Mason–Dixon is a core member of the Koronis family (605), a very large asteroid family of almost 6,000 known asteroids with nearly co-planar ecliptical orbits. It orbits the Sun in the outer main-belt at a distance of 2.8–3.1 AU once every 5 years (1,825 days; semi-major axis of 2.92 AU). Its orbit has an eccentricity of 0.04 and an inclination of 2° with respect to the ecliptic.
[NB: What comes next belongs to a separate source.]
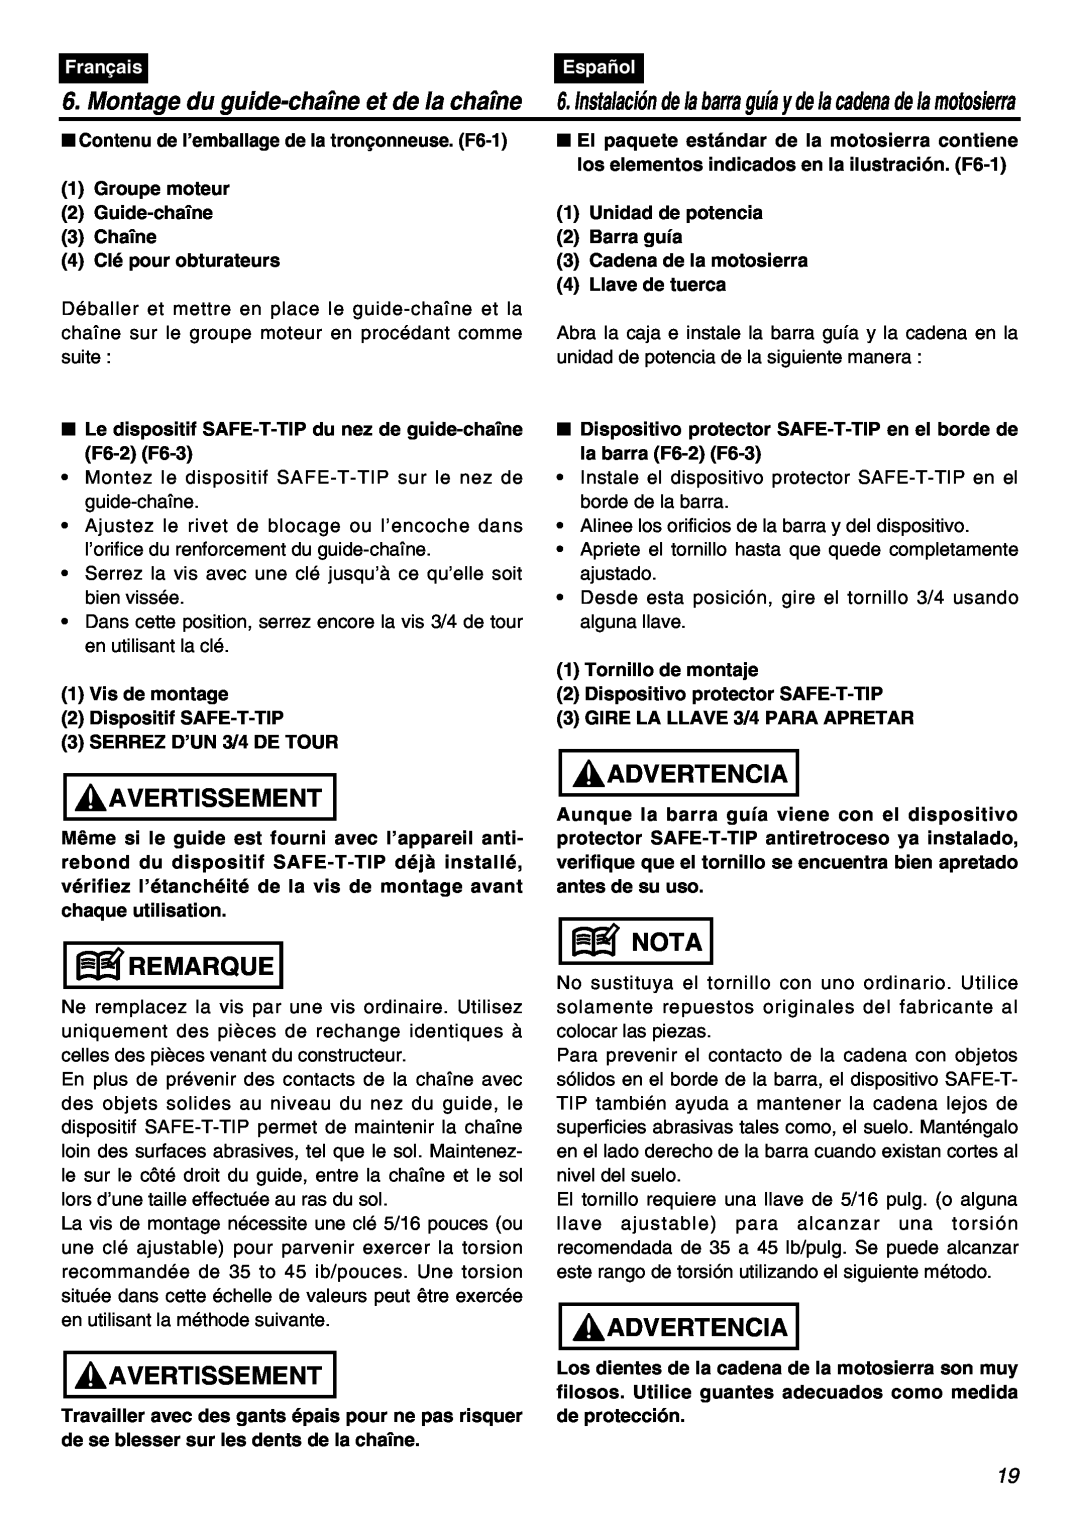 RedMax GZ400 manual Montage du guide-chaîne et de la chaîne, Français, Español, Avertissement, Remarque, Advertencia, Nota

The body was first observed at Heidelberg Observatory in February 1922. Its observation arc begins with a precovery taken at Palomar Observatory in July 1954. On 1 February 1907, Mason–Dixon made a close approach to one of the larger asteroids, 52 Europa. At its closest, it passed Europa within 1.1 million kilometers.

== Naming ==

This minor planet was named by the discoverer in memory of English astronomers Charles Mason (1728–1786) and Jeremiah Dixon (1733–1779), who observed the 1761 transit of Venus from the Cape of Good Hope. Between 1763 and 1767 they surveyed the so-called Mason–Dixon line, the boundary between the US States of Pennsylvania and Maryland. The official was published by the Minor Planet Center on 22 June 1986 (M.P.C. 10847).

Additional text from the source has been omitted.